When you’ve done a good amount of face to face networking, you can put these networking skills to good use online. Look into crowdfunding sites like which can be a fun and effective way to raise money for a relatively low cost project. You set a goal for how much money you would like to raise over a period of time, i.e. $1000 over 30 days. Your friends, family, associates (hopefully people you’ve met through networking), and strangers then use the site to pledge money.


  1. Make a budget and shop for financing

The budget is the financial aspect of your business plan and it’s essential to gaining investors. Each and every investor that you approach will undoubtedly want to see a detailed financial breakdown, outlining how exactly you plan to make a profit.
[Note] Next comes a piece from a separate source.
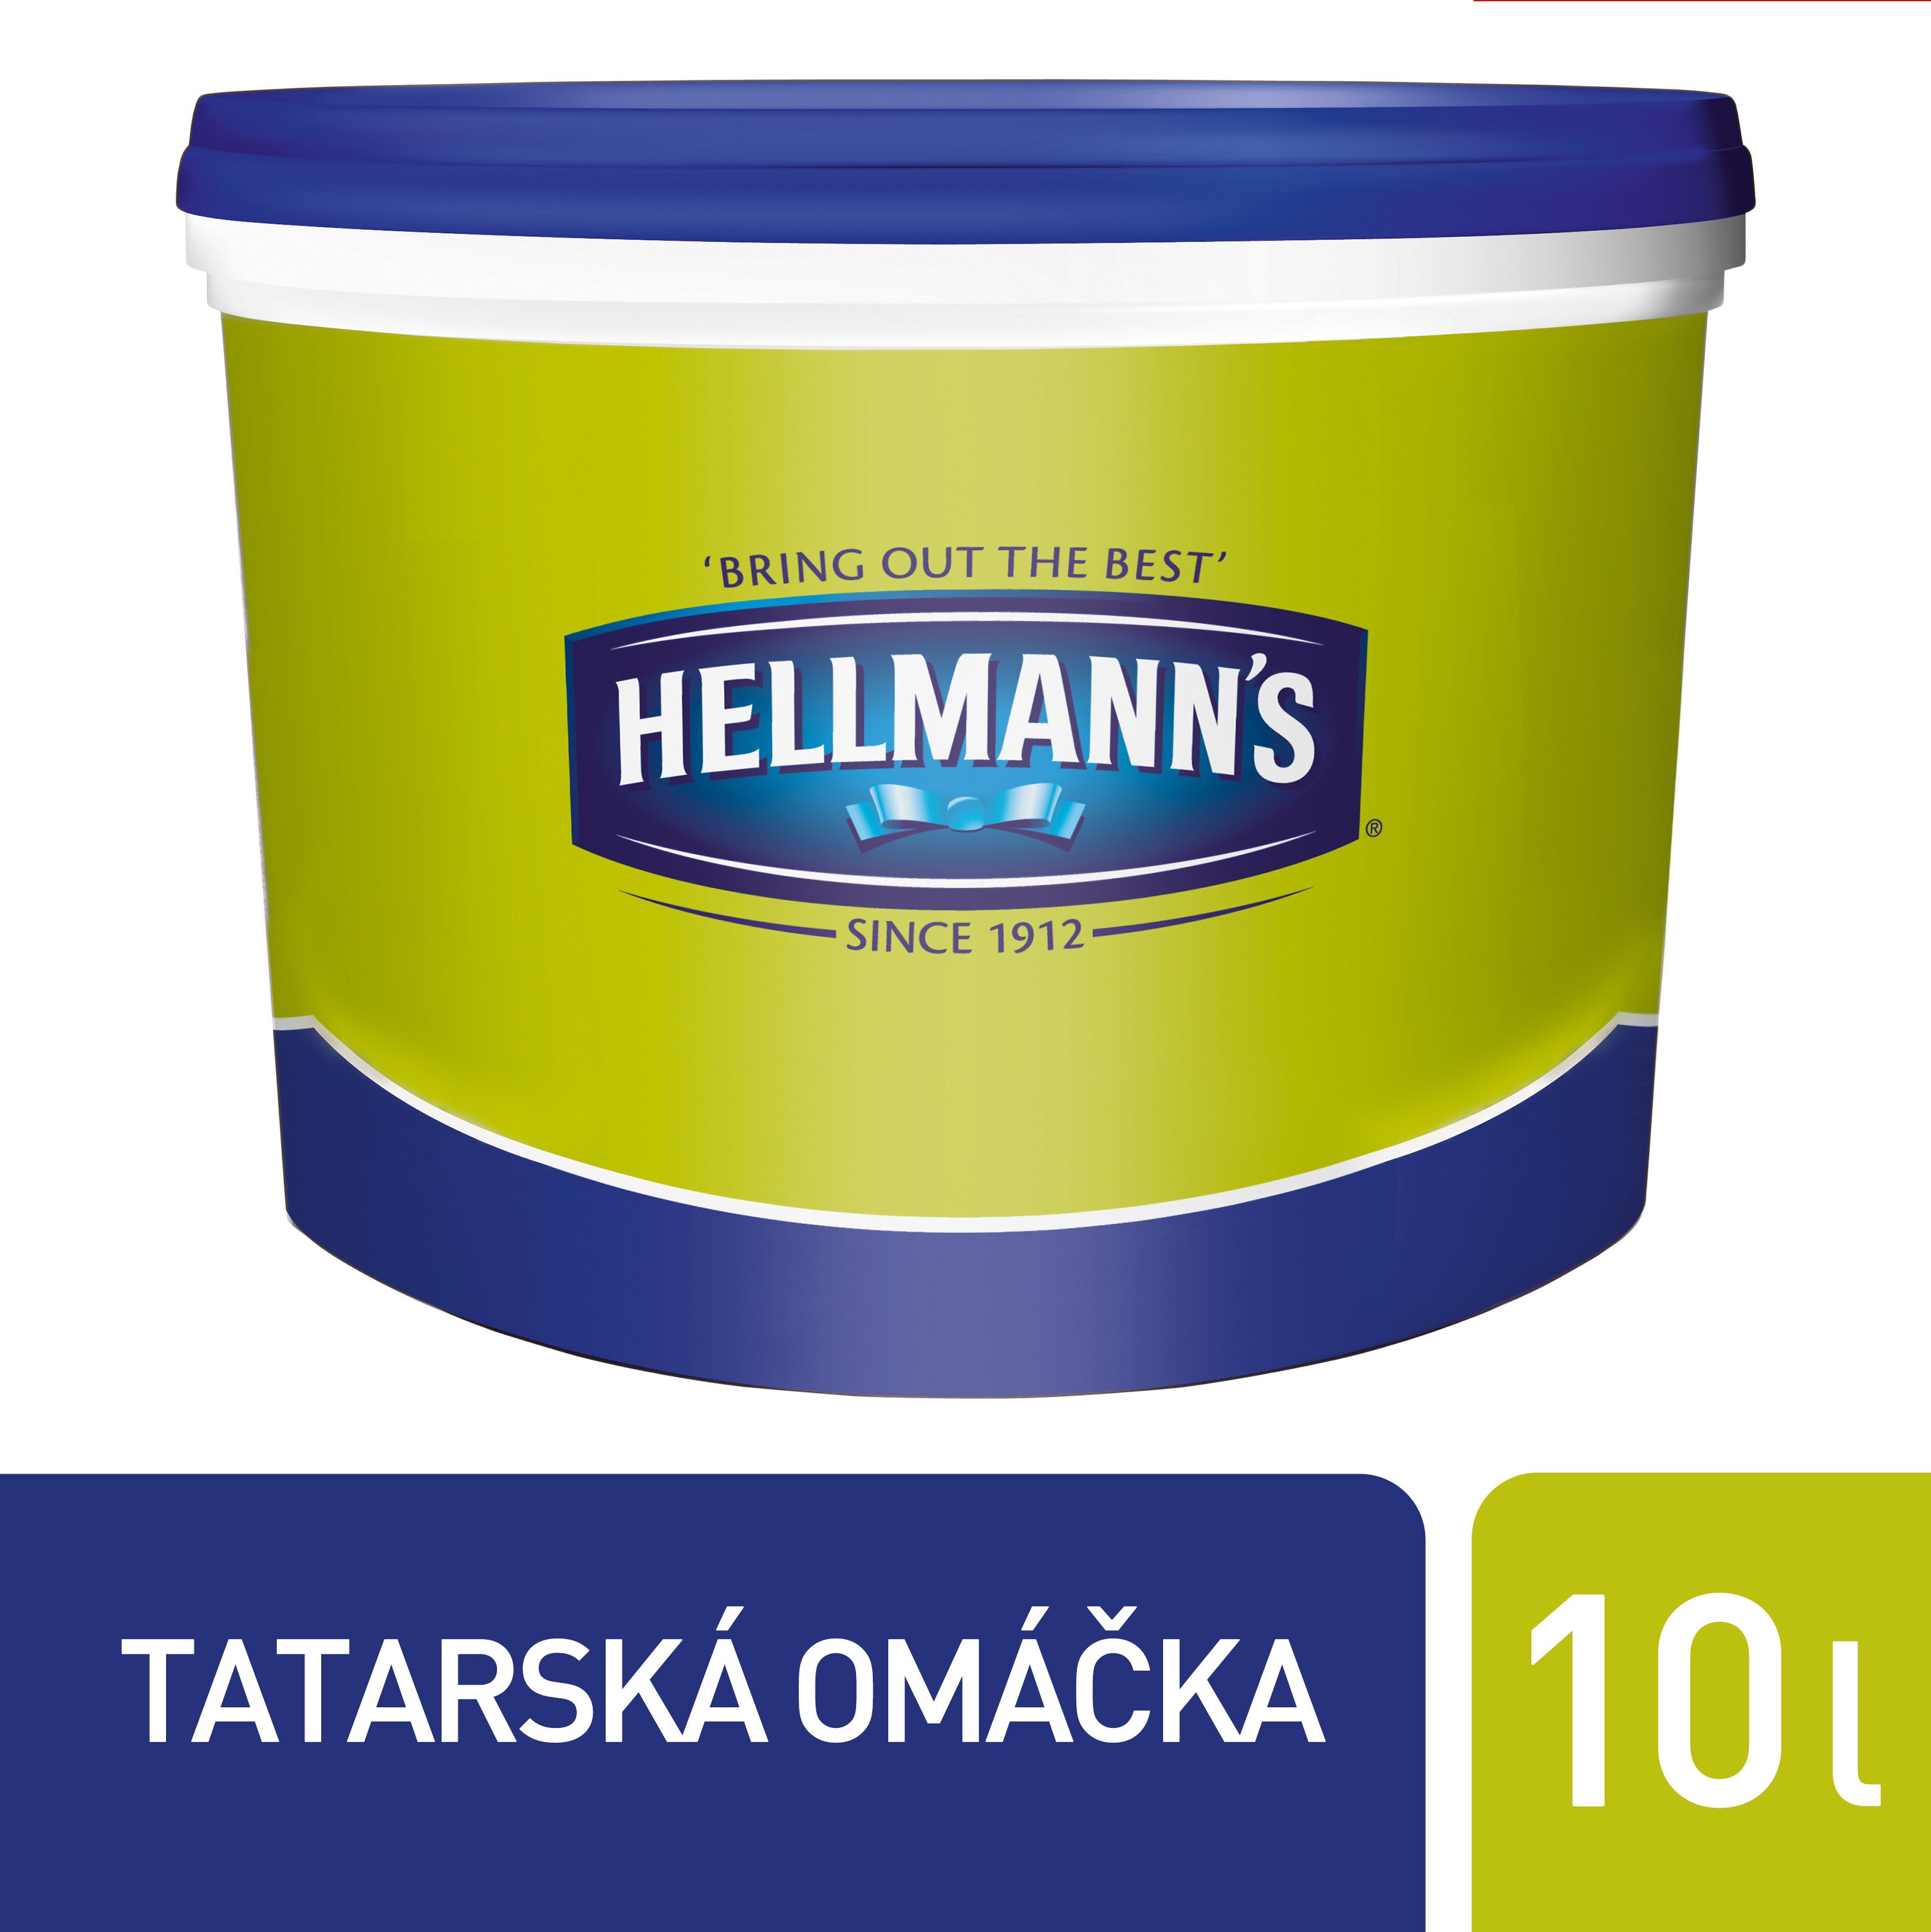 Hellmann's Tatarská omáčka 10 l - 
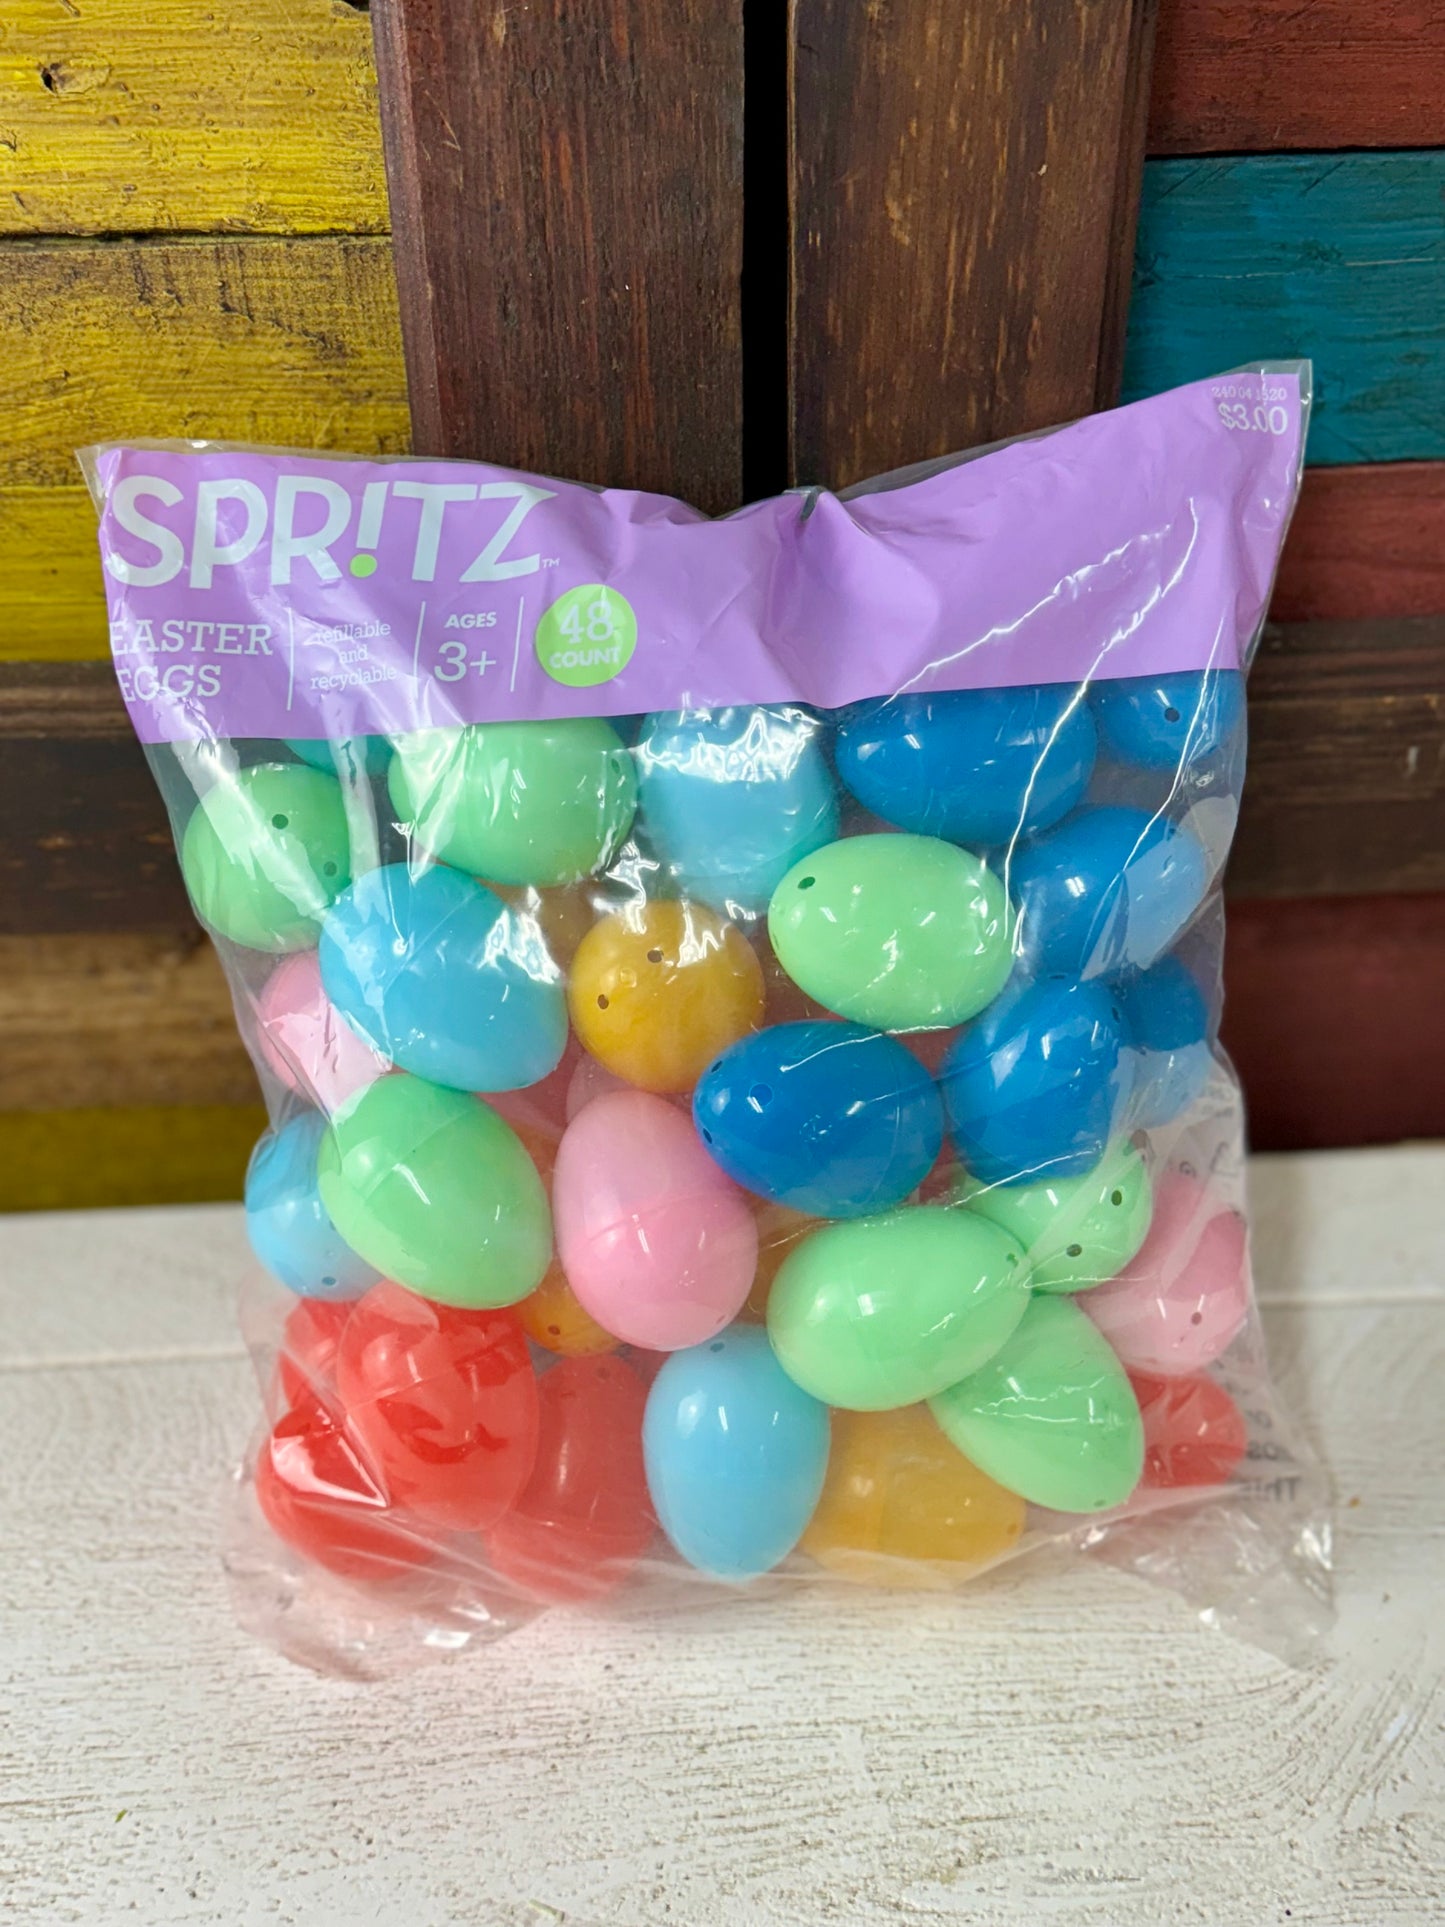 Spritz 48 Multicolor Plastic Easter Eggs

Here are some important things to consider in your financial plan:

  • Estimate your costs: Have a plan in case to cover your expenses for in the first month. Don’t underestimate your costs. The main reason why most businesses fail is that they simply run out of cash
  • Understand what types of costs you’ll have: one-time vs ongoing costs, essential vs optional costs, and fixed vs variable costs
  • Project your cash flow: Cash flow is vital. You need to know exactly how much money is going out and expected to be coming in.

Once your budget is in place you can start approaching financial institutions. With a thorough financial plan in place, investors are far more likely to buy into your business idea.